I'd like to create large crosstables with summary statistics of multiple row variables by multiple column variables - and found two packages that make it very easy to beautiful large tables: the tables
package by Duncan Murdoch and the expss
package by Gregory Demin (which does amazing things beside tables). There are some other packages, as moonBook
(which works together with ztable
package by the same author), but as far as I saw most of them lack something I need:
I want to ...
- (reproducibly) create large summary tables
- use case weights for these summary statistics
- use variable and value labels for the variables
- create both html and pdf tables without too much effort (w/o changing function options/chunk options).
ad 1) Both tables
and expss
make it easy to create complex tables with multiple row and col vars. As an example we produce a summary table of the iris data with tables
and the table functions in expss
.
library(magrittr) # Pipes %>%
data(iris) # Use iris data for examples
## Tables with the `tables` packages
library(tables)
tabular( (Species + 1) ~ (n=1) + Format(digits=2)*(Sepal.Length + Sepal.Width)*(mean + sd + Format(digits=0)*(n=1)), data=iris )
## Tables with the `expss` package
library(expss)
iris %>%
tab_cells(Sepal.Length, Sepal.Width) %>%
tab_cols(Species, total()) %>%
tab_stat_mean_sd_n() %>%
tab_transpose() %>%
tab_pivot()
ad 2) With expss
it's easy to use labels
iris_raw <- iris # Save iris for later without any labels (they cause some problems with tabular)
iris <- apply_labels(iris,
Sepal.Length = "Sepal Length",
Sepal.Width = "Sepal With",
Species = "Species of Iris",
Species = c("Setosa" = "setosa",
"Versicolor" = "versicolor",
"Virginica" = "virginica"))
str(iris) # we can see the labels
library(expss)
expss_digits(digits = 2)
iris %>%
tab_cells(Sepal.Length, Sepal.Width) %>%
tab_cols(Species, total()) %>%
tab_stat_mean_sd_n() %>%
tab_transpose() %>%
tab_pivot()
ad 3) For surveys we often need case weights, e.g. sampling design weights, nonresponse weights, post-stratification weights - that determine how much weight a single case has in the computation of descriptive statistics and in for model estimation. expss
makes it possible to use case weights just by adding one single line: tab_weight(caseweight)
set.seed(123) # Make following random numbers reproducible
iris$caseweight <- rnorm(nrow(iris), mean = 1, sd = .5) %>% abs() # Add some positive random caseweight to each case
library(expss)
expss_digits(digits = 2)
iris %>%
tab_cells(Sepal.Length, Sepal.Width) %>%
tab_cols(Species, total()) %>%
tab_weight(caseweight) %>% # Weight the cases
tab_stat_mean_sd_n(weighted_valid_n = TRUE) %>%
tab_last_round(digits = 2) %>%
tab_transpose() %>%
tab_pivot()
In tables
it's also possible to use (custom) functions for calculating weighted summary statistics, but not as easy as with expss
(I might be wrong here - if that's the case, please correct me).
ad 4) Coming to the last point of my wishlist: both html and pdf tables.
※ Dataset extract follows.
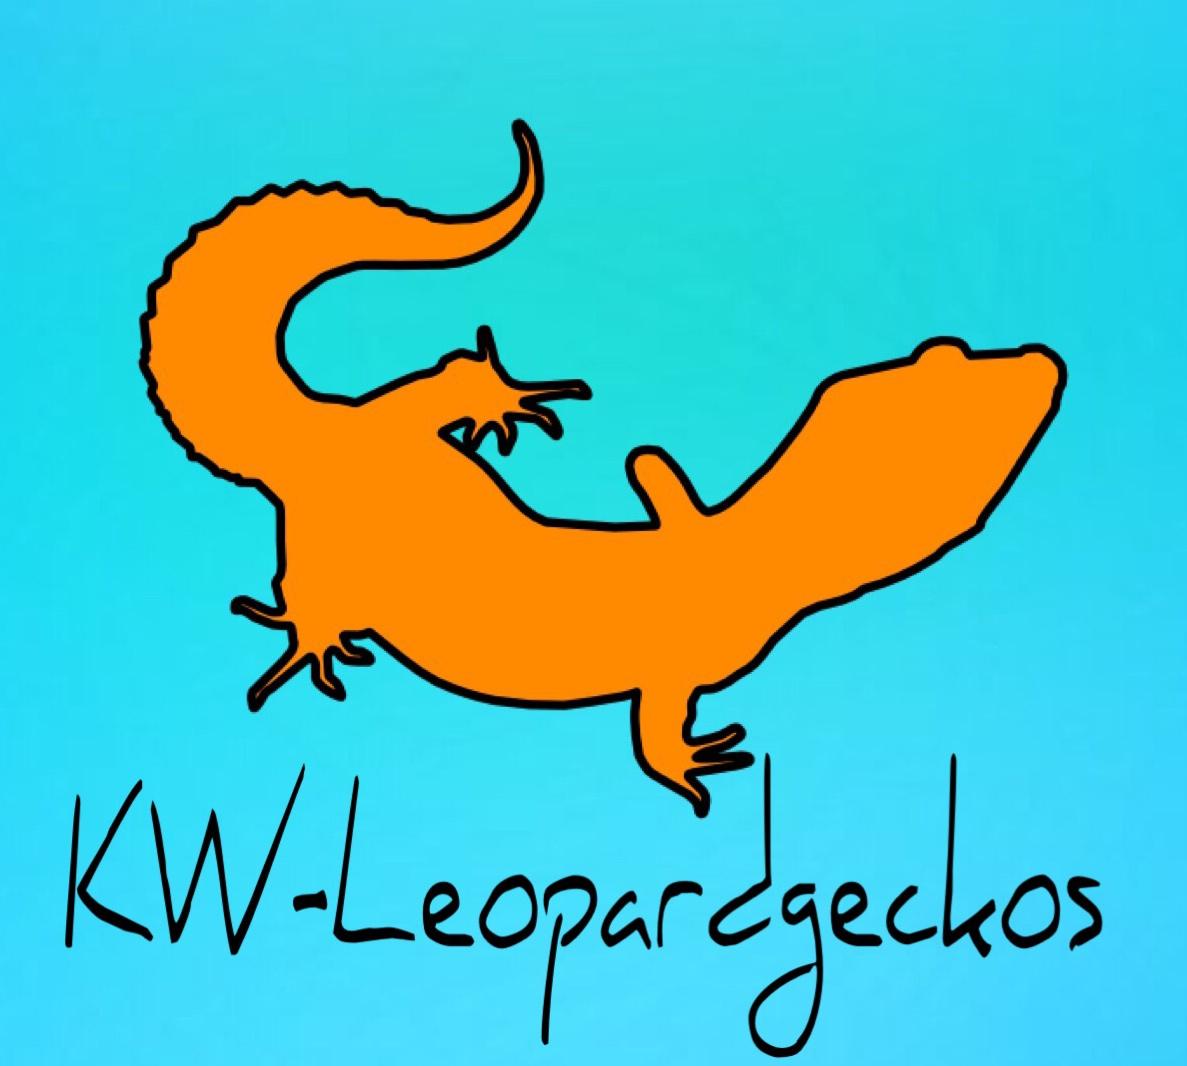 Kettwiger Leopardgeckos

Now that's easy with tables
and much harder with expss
. In tables
the function toKable()
and piping the output to the kableExtra
for further refinement is the key.
library(tables)
tab <- tabular( (Species + 1) ~ (n=1) + Format(digits=2)*(Sepal.Length + Sepal.Width)*(mean + sd + Format(digits=0)*(n=1)), data=iris_raw)
tab %>%
toKable() %>% # Translates the tabular-object to a kable-object
kable_styling(full_width = TRUE) %>% # Functions from kableExtra
column_spec(2, color = "red")
# Remark: in expss it's possible to transform the (html-) table output to a data frame via `split_table_to_df()`, s. https://stackoverflow.com/questions/55542838/formatting-tables-in-r-markdown-to-export-to-ms-word-document/55576202#55576202
# But all the formatting gets lost - since it's just a df then.
library(expss)
expss_digits(digits = 2)
tab <- iris %>%
tab_cells(Sepal.Length, Sepal.Width) %>%
tab_cols(Species, total()) %>%
tab_stat_mean_sd_n() %>%
tab_transpose() %>%
tab_pivot()
tab.df <- split_table_to_df(tab) # Here the table
str(tab.df) # a df with the numbers and the labels
kable(tab.df) # We could use kable on this (but the result does not look like a usual kable table)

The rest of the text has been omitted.